Confirming that this build doesn't cause the kernel to crash any more. 

[asinha@ankur  ~]$ uname -a
Linux ankur.pc 3.10.9-200.fc19.x86_64 #1 SMP Wed Aug 21 19:27:58 UTC 2013 x86_64 x86_64 x86_64 GNU/Linux

Thanks for the fix, folks. 

Warm regards,
Ankur

Comment 43 Fedora Update System 2013-08-22 05:06:04 UTC
kernel-3.10.9-200.fc19 has been submitted as an update for Fedora 19.
https://admin.fedoraproject.org/updates/kernel-3.10.9-200.fc19

Comment 44 Fedora Update System 2013-08-22 05:06:39 UTC
kernel-3.10.9-100.fc18 has been submitted as an update for Fedora 18.
https://admin.fedoraproject.org/updates/kernel-3.10.9-100.fc18

Comment 45 Josh Boyer 2013-08-22 16:48:14 UTC
*** Bug 982264 has been marked as a duplicate of this bug. ***

Comment 47 Fedora Update System 2013-08-23 00:31:13 UTC
kernel-3.10.9-100.fc18 has been pushed to the Fedora 18 stable repository.  If problems still persist, please make note of it in this bug report.

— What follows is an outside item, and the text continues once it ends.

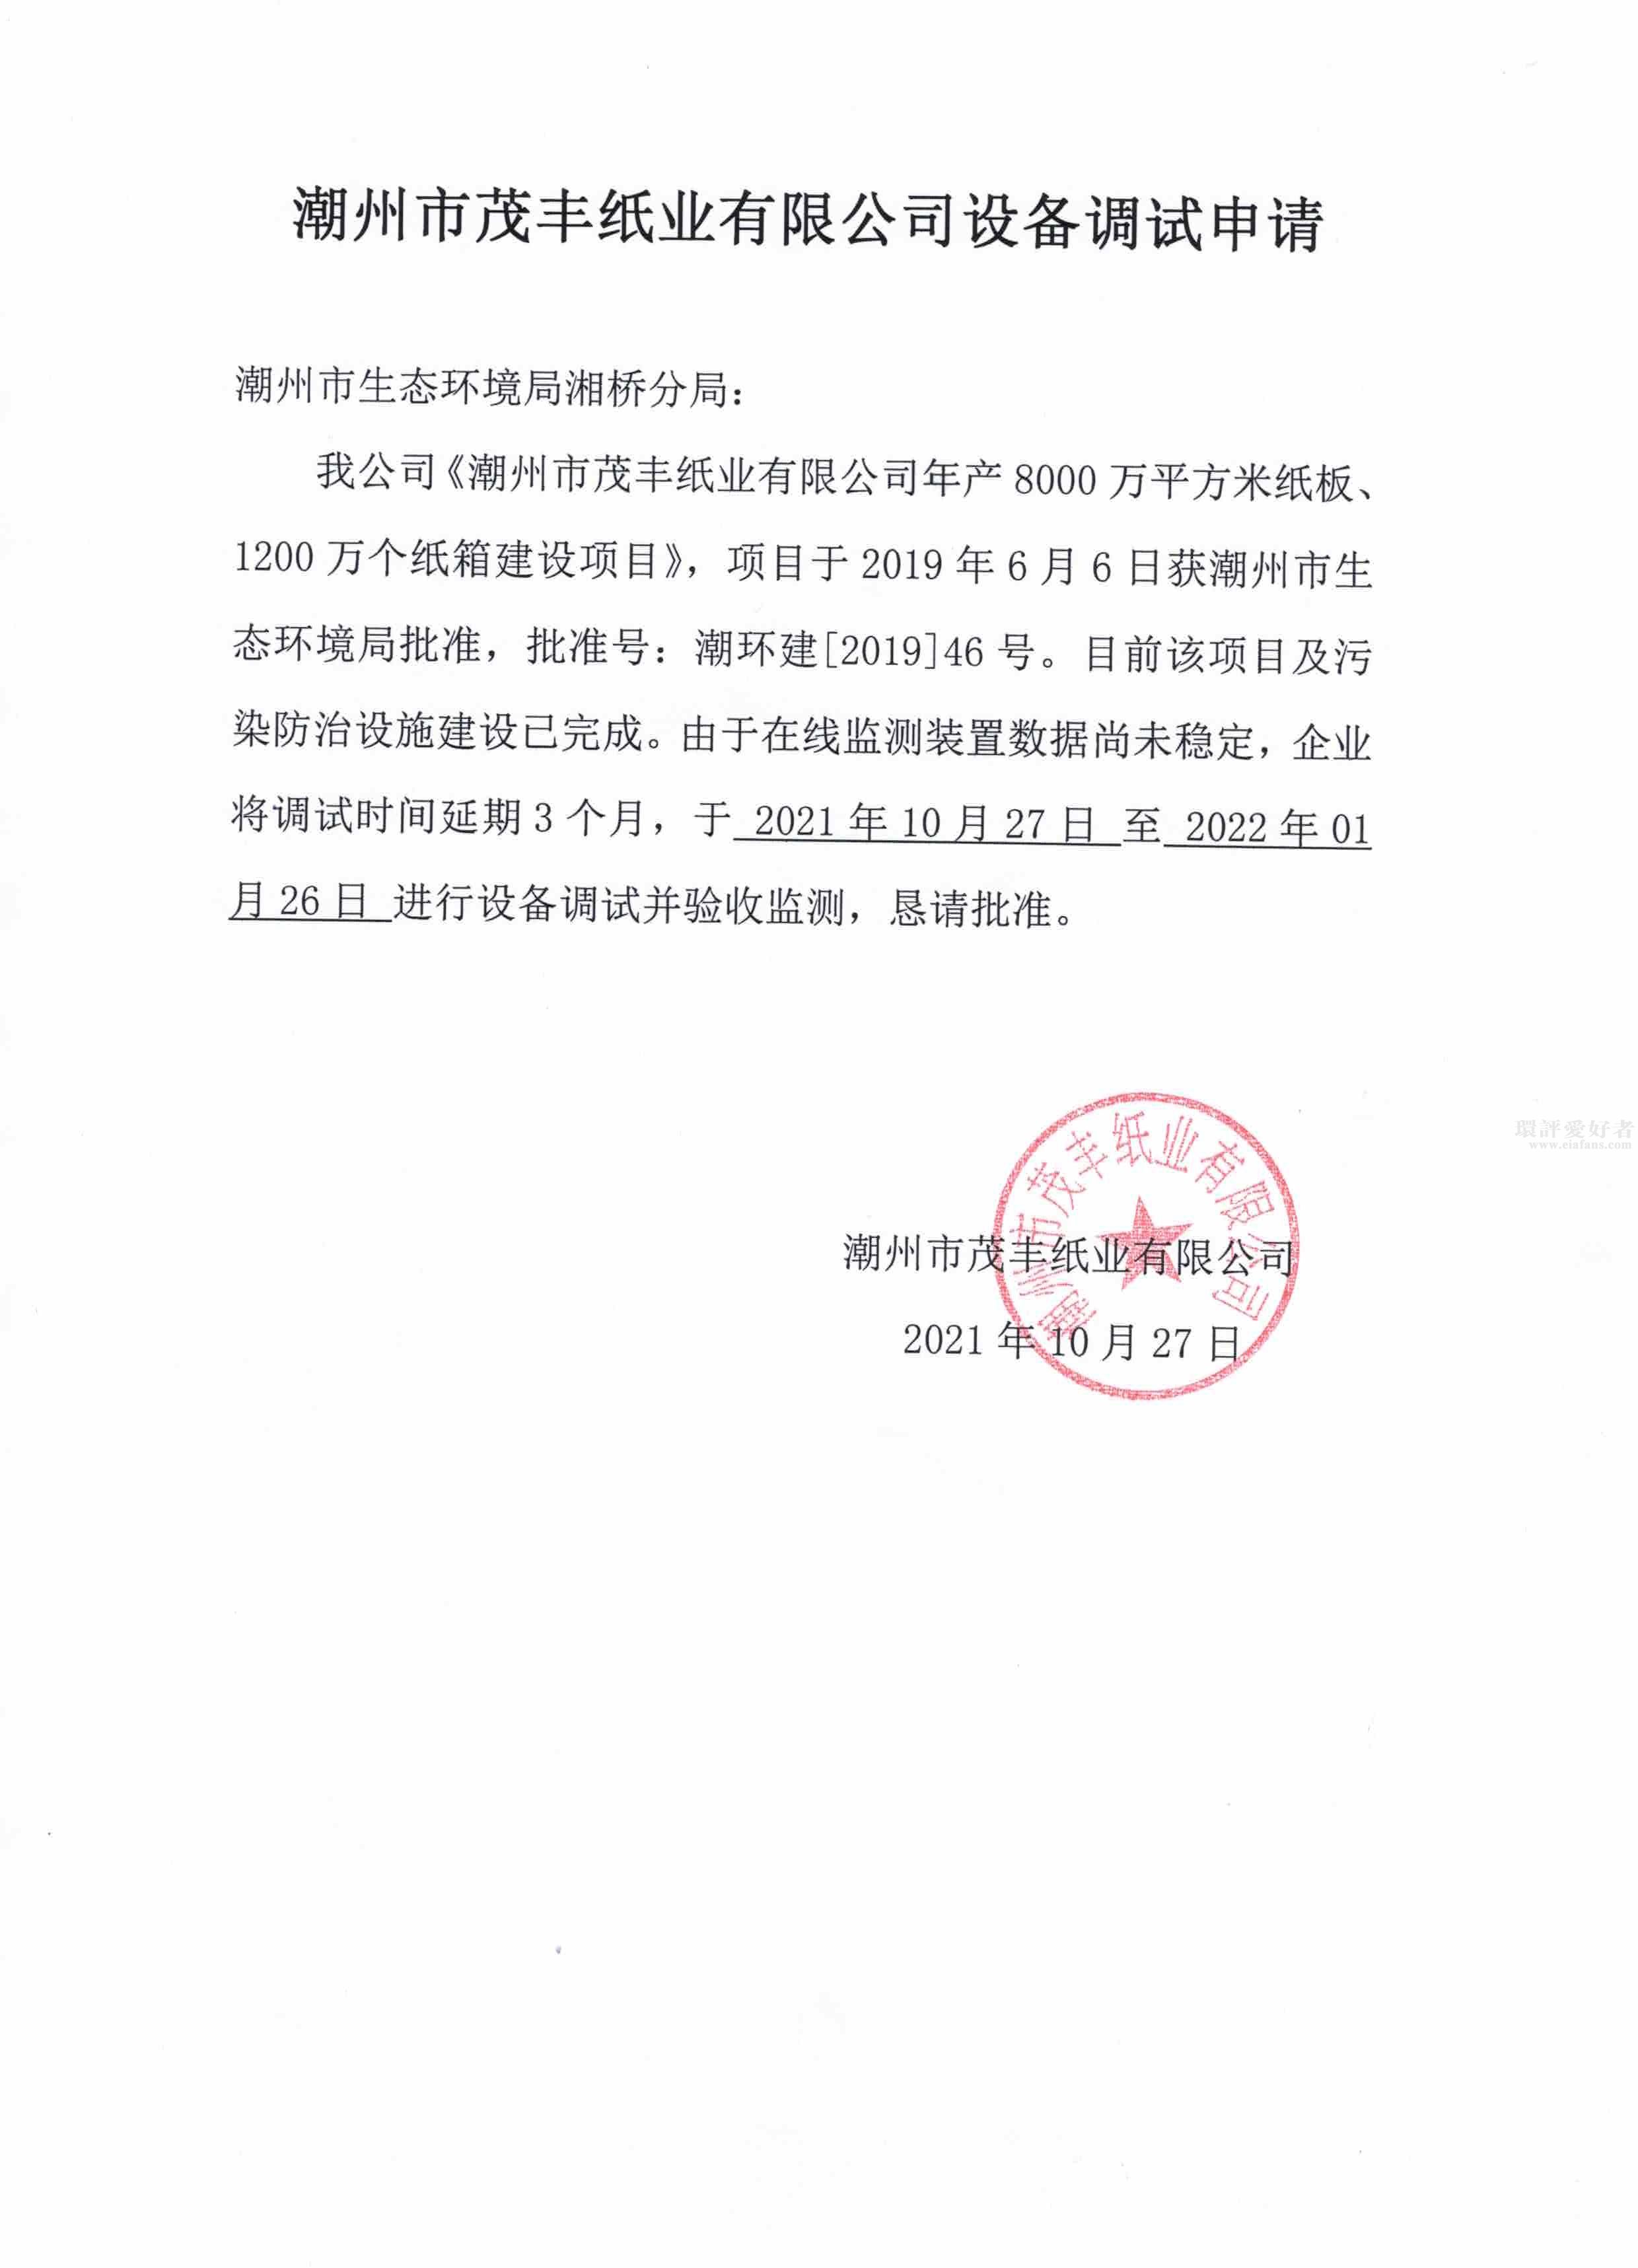 潮州市茂丰纸业有限公司设备调试申请（2021-10-27）.jpg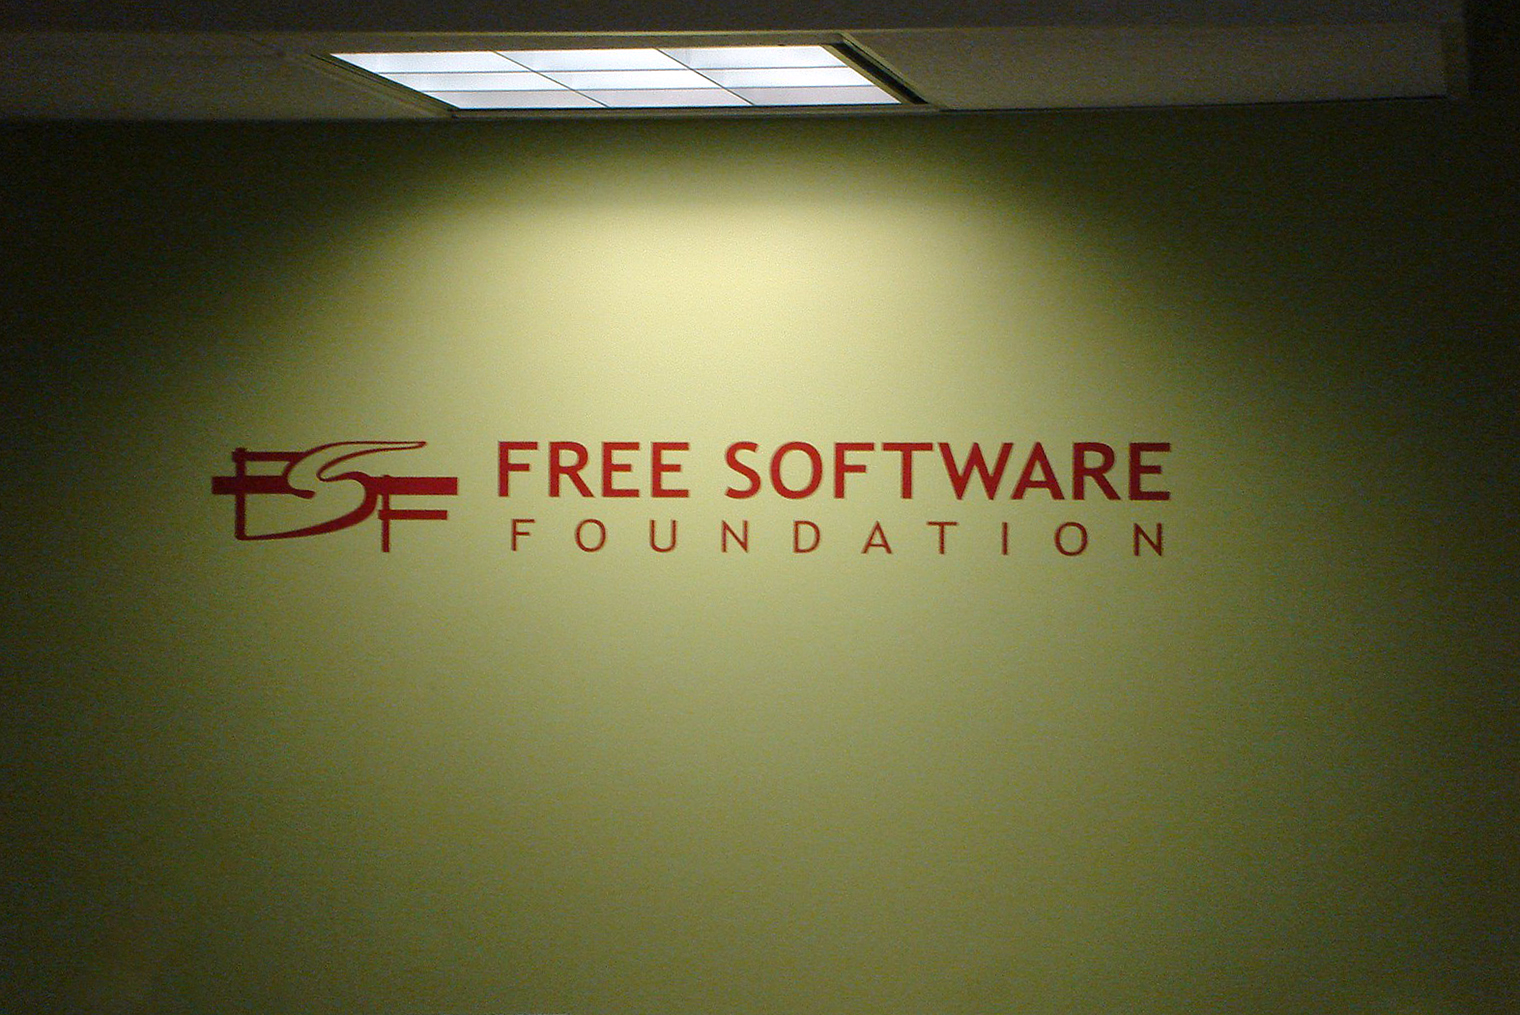 Логотип в офисе Free Software Foundation. Организация продолжает работу и в наши дни. Источник: Wikimedia Commons

Comment 48 Fedora Update System 2013-08-23 00:43:50 UTC
kernel-3.10.9-200.fc19 has been pushed to the Fedora 19 stable repository.  If problems still persist, please make note of it in this bug report.

Comment 49 Marcos Martins da Silva 2013-08-23 23:10:27 UTC
New update to kernel 3.10.9-200.fc19.x86_64 restored sanity to my system. This version is working good for me. Thank you!